On November 1,2013, Rhapsody and I brought home her litter brother, A.C. I had co-owned him since he was a puppy, but he had lived his life with his breeder and co-owner. He had spent some time in a new home after his championship was finished, because I couldn't bring him home while I had Hudson, and it seemed better to get him out of the kennel and onto a couch, but, ultimately, that didn't work out for him, and when Hudson died, the timing was right. A.C. was back in the kennel, and in need of a new couch. So, A.C. joined me and Rhaps. And quickly ensconced himself on our couch and in our hearts.
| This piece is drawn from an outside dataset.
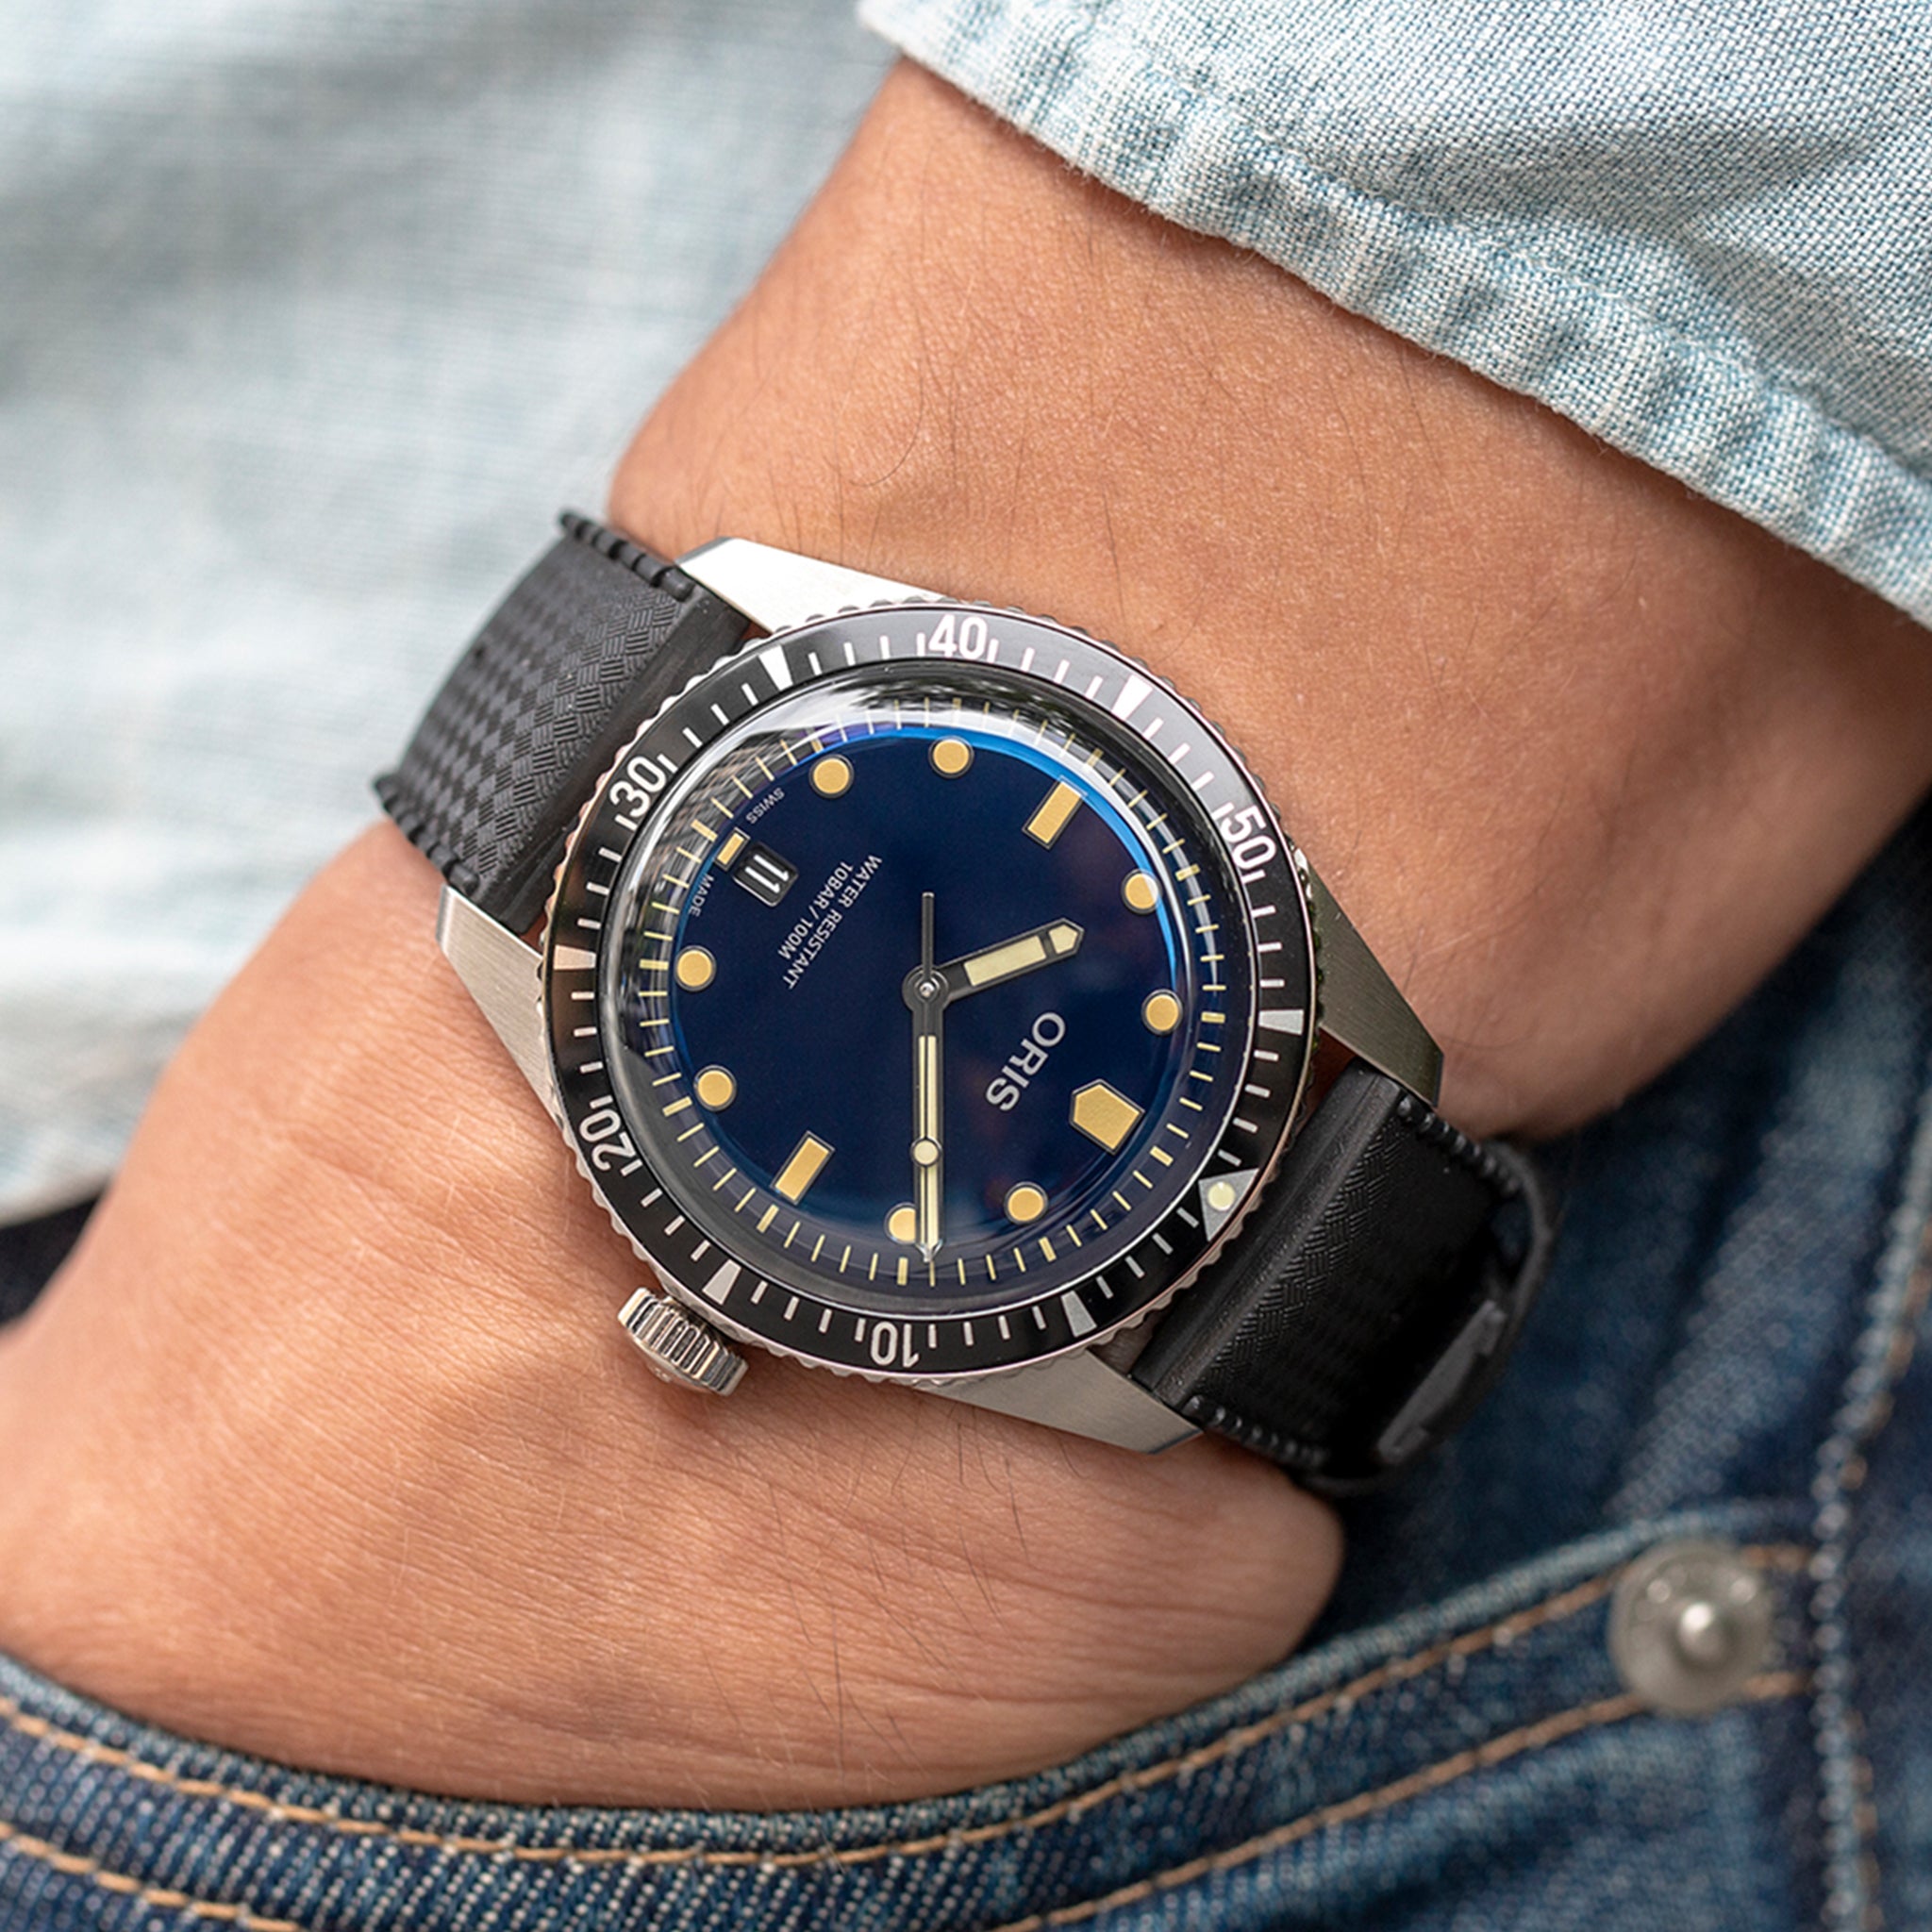 oris diver watches for sale

Sadly, Rhapsody declined very quickly in the new year of 2014. By the middle of February, she could no longer use her hind end at all, and was no longer able to get outside to use the potty. On March 26th, 2014, the vet came to the house, and Rhapsody died peacefully in my arms, no longer afraid of what was happening to her body, no longer anxious about trying to get herself around. I wish I could have stayed home with her every minute, to care for her needs every hour of the day, but it was not possible. I promised her one thing at the beginning of her symptoms. I would keep her safe from injury, and also safe from fear. When I could no longer do that, I would help her go. And I did. It was harder than I thought it would be. It's been hard every day since. She had come to soak up the echoes left by Crow in Hudson's and my hearts, and she ended up taking up residence in mine.
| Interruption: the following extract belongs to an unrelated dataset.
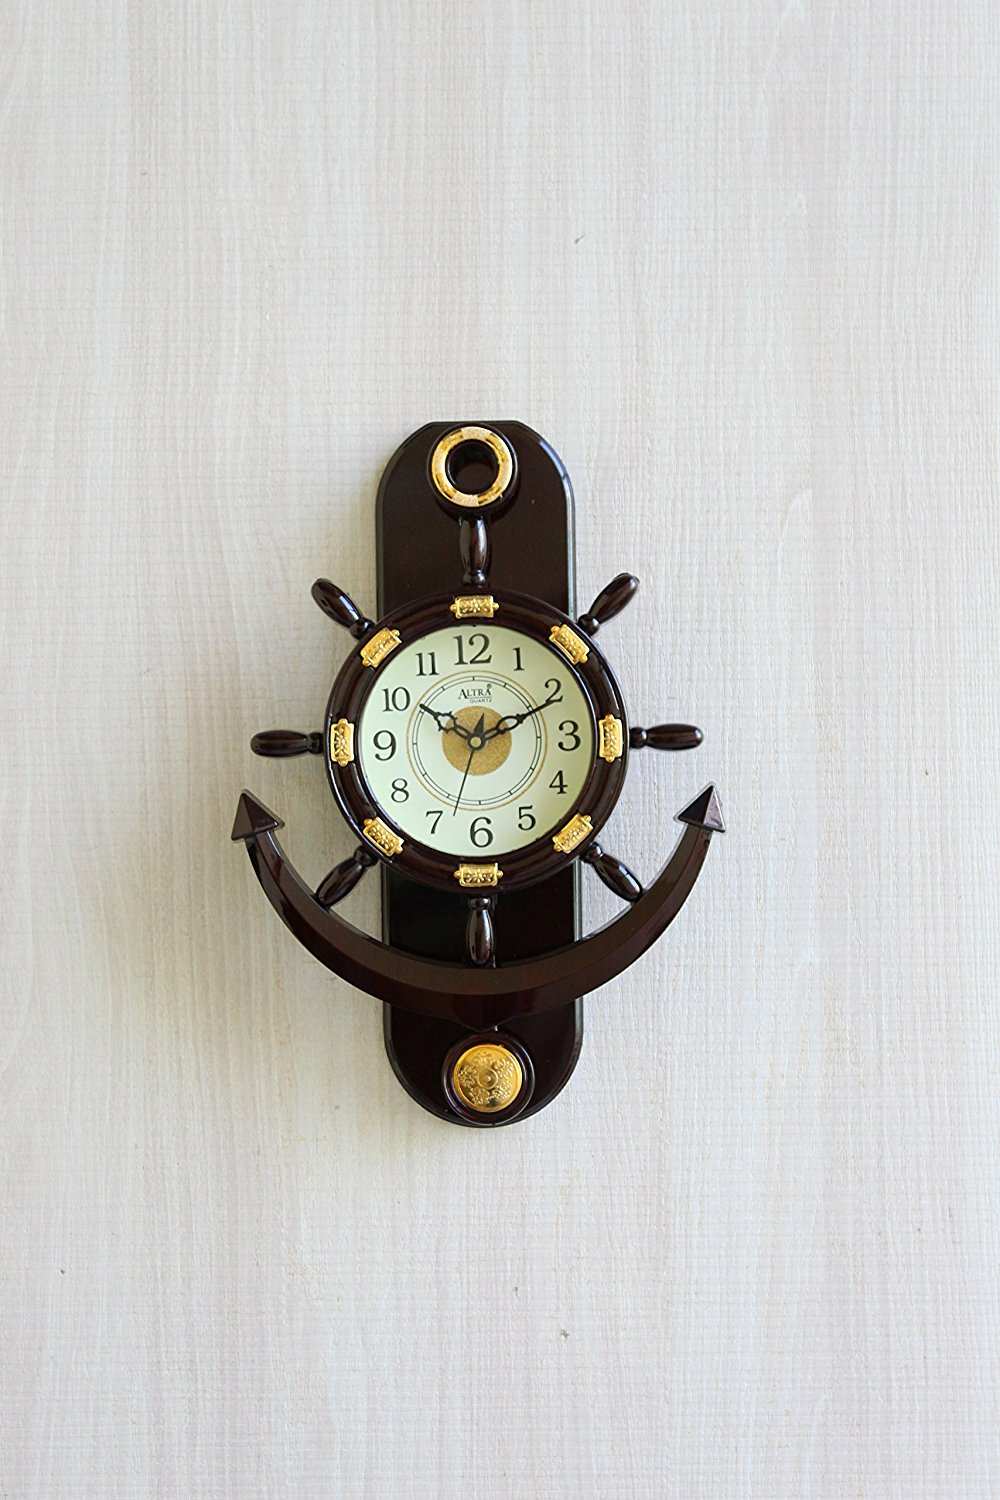 FunkyTradition Decorative Retro Anchor Ship Steering Shape Plastic Pendulum Wall Clock for Home Office Decor and Gifts 40 CM Tall - FunkyTradition

And so, once again, I found myself with only one dog. Unlike Hudson, who had never known a day in his life as an only dog until Crow's death, A.C. did not appear to be bothered being alone with me. This time, I was the one who needed the addition of another dog. On Saturday, April 5, A.C. and I went to get Halle. Halle is sweet, and silly, and the perfect soul to restore balance in our lives. The last almost 2 years have been emotionally arduous. Just writing down these dates of deaths and additions has helped me understand how fast and furious the changes have been. I have my two German Shepherds again, which was the shape of my life for the better part of 14 years.
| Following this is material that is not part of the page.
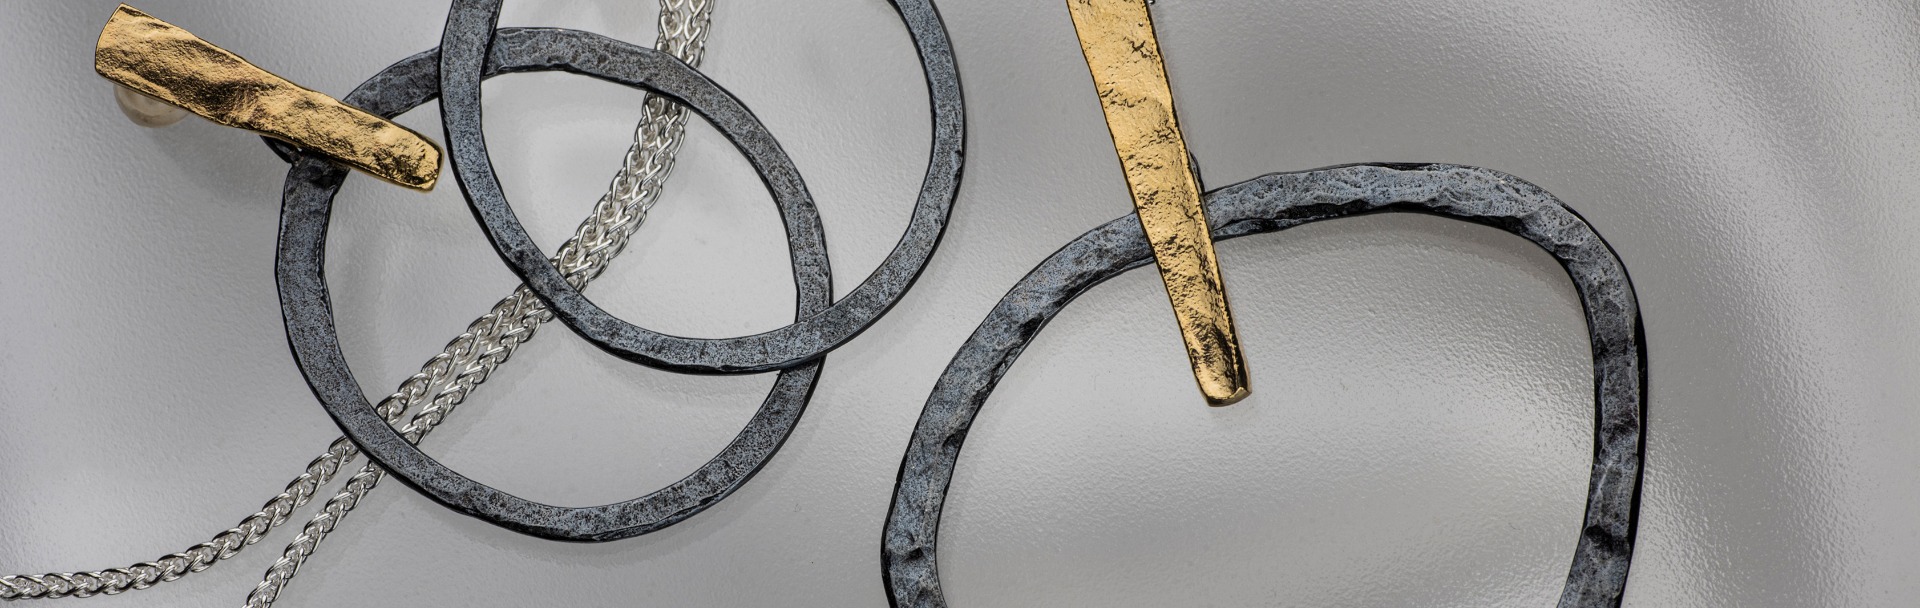 A silver jewelry collection enhanced with gilded, darkened and whitened silver finishes

There have always been dogs, sometimes as many as 8 at one time, but the longest stretch of my adult life was spent with Crow and Hudson. They were my heart and soul. A.C. and Halle do not replace them. They cannot. But these new relationships are rich, and satisfying, and full in and of themselves. I adore A.C., who is such a gentleman, and a gentle soul. He is easy company, sincere and endearing, and I am totally smitten. I love Halle, too, who is silly, and soft, and sweet. No, they are not Crow and Hudson. They are A.C. and Halle. They are who they are, and they are what I need. And spinning and tired and dizzy as I sometimes feel, I have them, and they have me, and it's not a substitute for anything else. It is itself. And it is good. And together we'll go on, figuring it out step by step, living our lives the best we can. There has always been a dog beside me, each one perfect for the time and place in which we found ourselves, each one perfect for who I was when we found one another. And every single one of them is woven into me, a part of me which I cannot and will not put down.